The colon operator can be used to grab substrings, sublists, and subarrays from these data structures.  Index at [FirstElementIn:FirstElementNotIn].  Leaving one of these off goes all the way in that direction; putting just the colon down means "everything."  -1 goes not quite to the end, but one element back.

In [None]:
mynums = [1,2,3,4]
print(mynums[1:3])

In [None]:
import numpy as np

myarray = np.array([[1,2,3],[4,5,6],[7,8,9]])
print(myarray[:, 1:]) # "all rows, columns from 1"

In [None]:
s = "foobar"
print(s[0:3])
print(s[0:-1])

## Numpy operations affecting the whole vector/matrix

When there's a size mismatch, numpy will often try to generously interpret the operation as applying to each item in the other matrix or vector, a behavior called "broadcasting."  This can be very confusing if you don't know it's possible.

In [None]:
v = np.array([1, 2, 3, 4])
print(v+1)

In [None]:
v < 5

This doesn't work with basic lists.

In [None]:
L = [1,2,3]
L+3

## Ternary operator

For quick if-elses determining what value is returned, there's a shorthand that works all on one line.  Note that normally, there would be colons in there.

In [None]:
b = 2
a = 1 if b == 2 else 3
print(a)

## Iterating over tuples

In [None]:
for word, count in letter_counts:
  print("{} is {} letters long".format(word, count))

# Final remarks

As usual, a lot of learning a new language is practice and seeing what experts do.
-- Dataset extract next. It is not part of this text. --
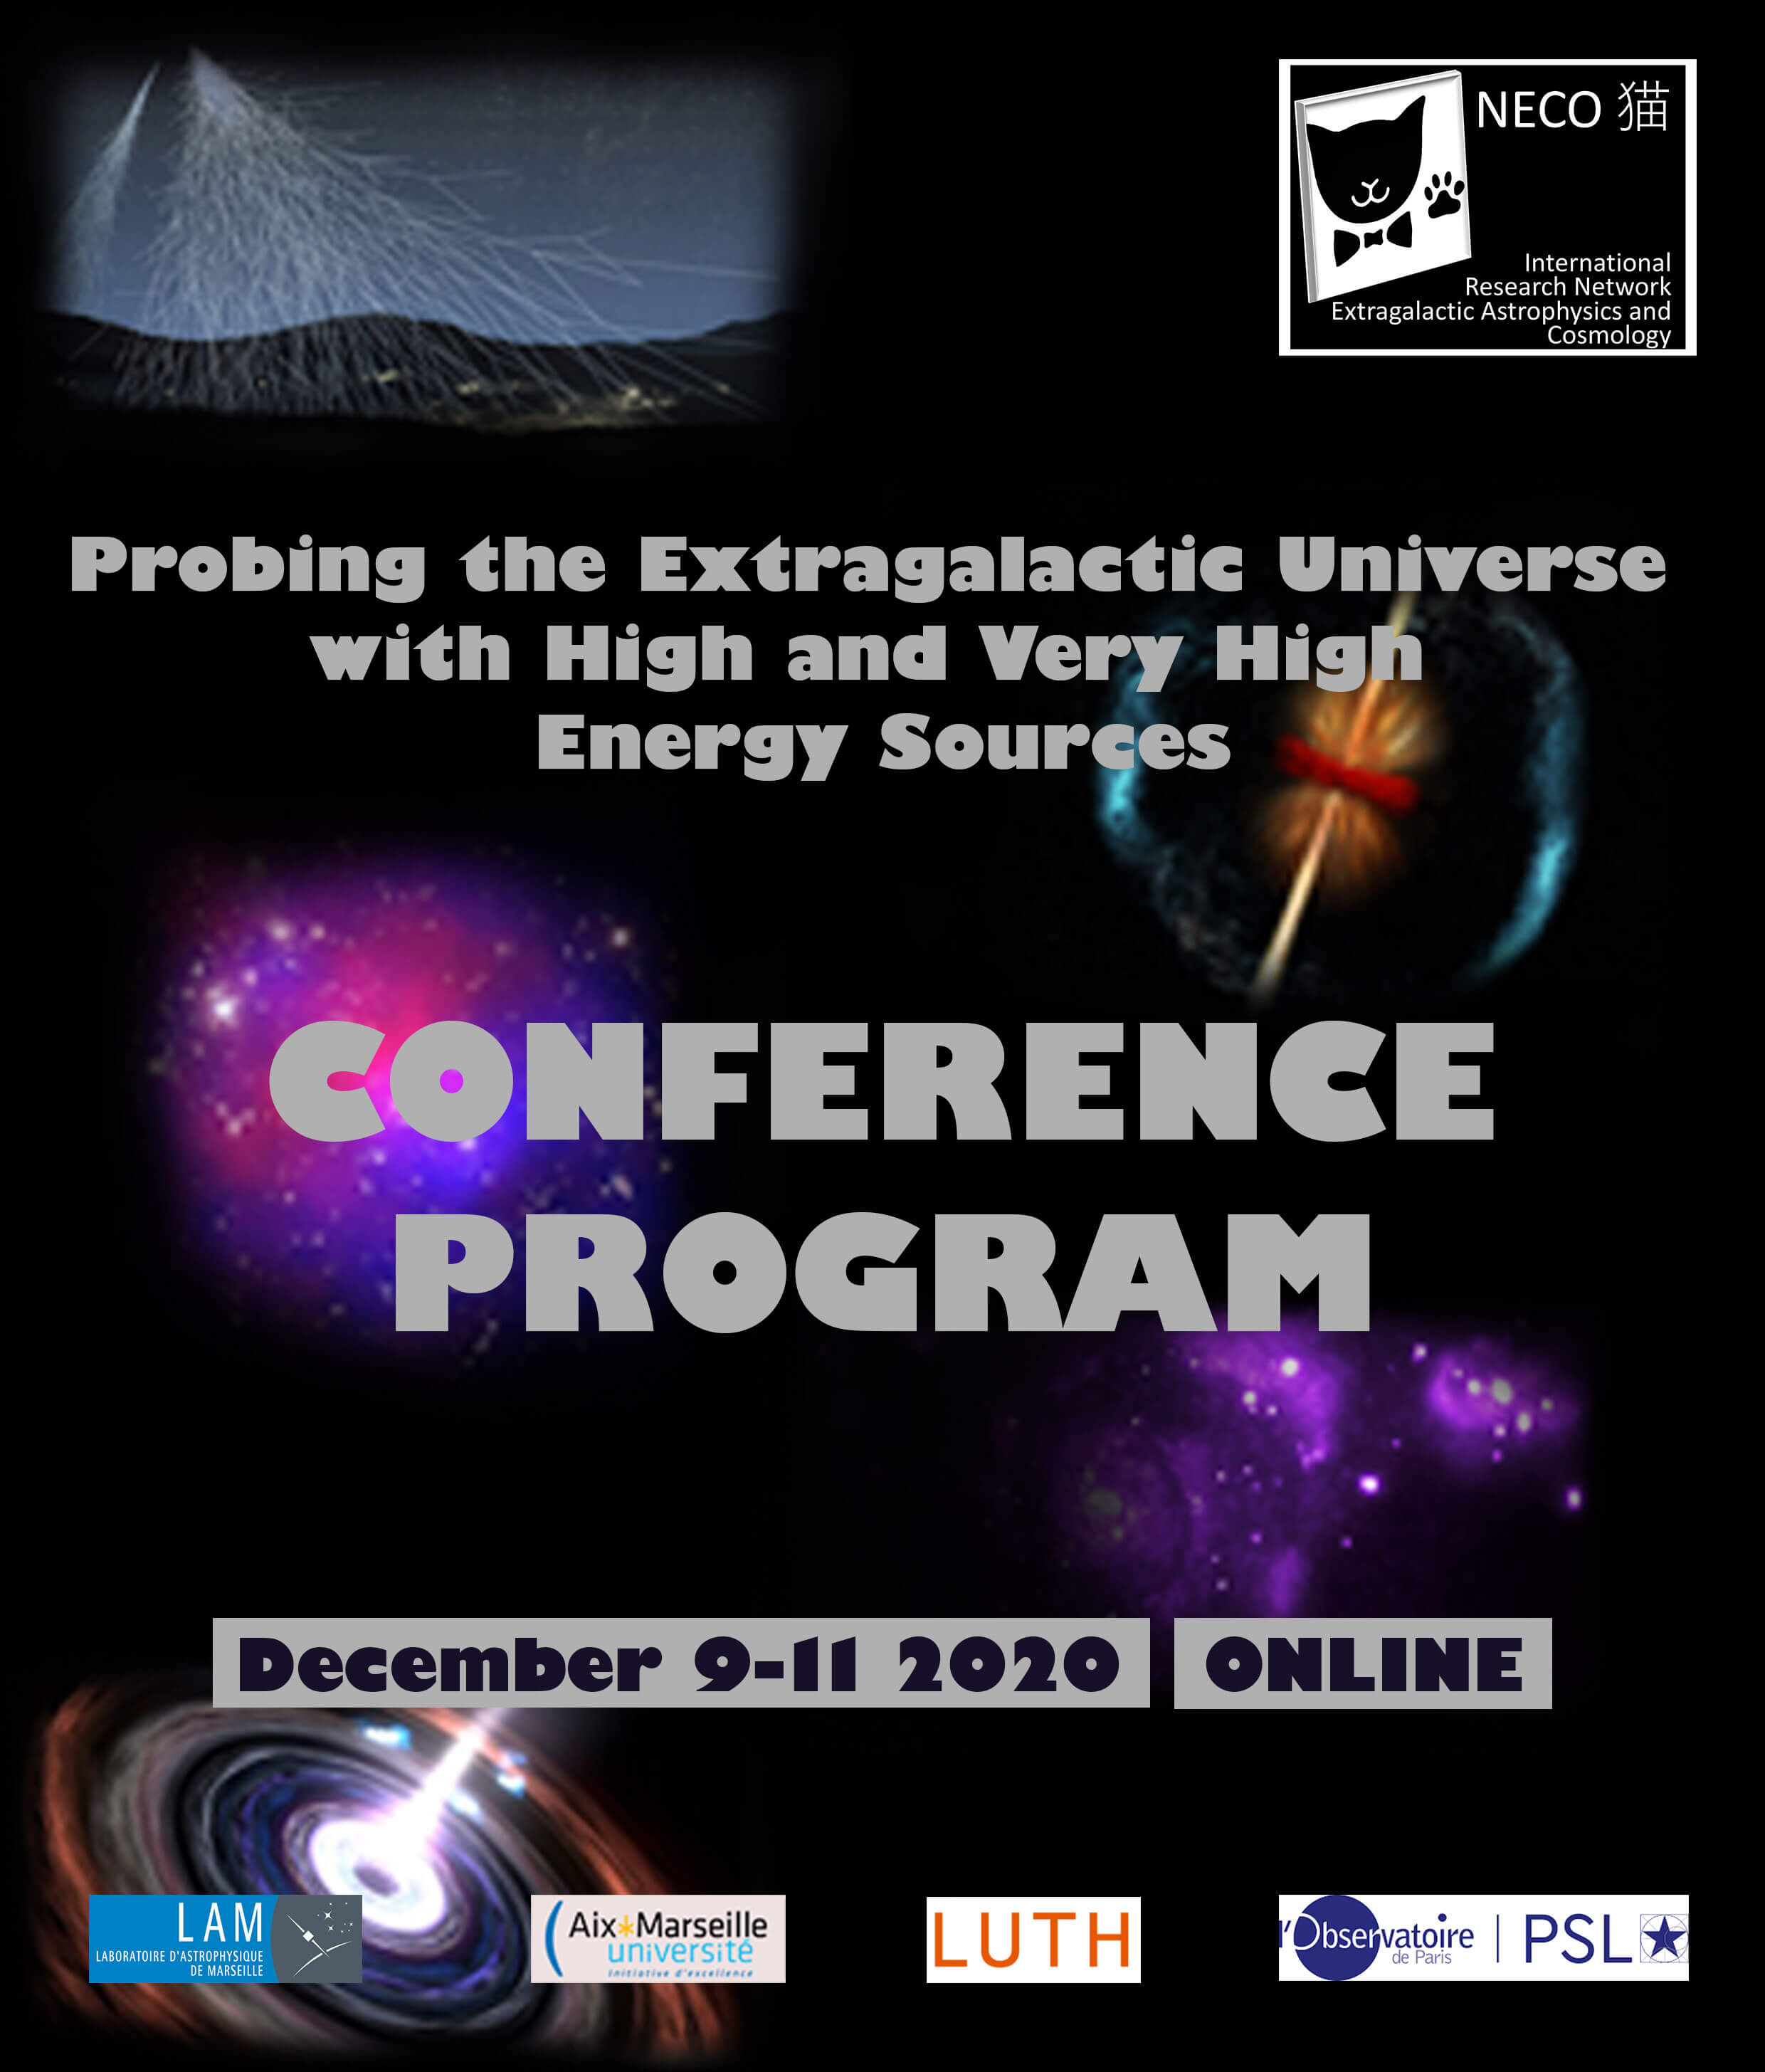 Online conference program

When you get stuck with a "how do I..." question, consult the more extensive tutorial at:

https://docs.python.org/3/tutorial/

Modules like numpy, matplotlib, and scikit-learn have their own documentation that you can find by Googling.

Python is sometimes quirky, but has a lot of neat shortcuts, and more importantly, has some of the best libraries for AI and ML at present.  There's nothing about it that means it will be the best language for AI/ML for all time; but it's the clear choice in the present.  Happy coding!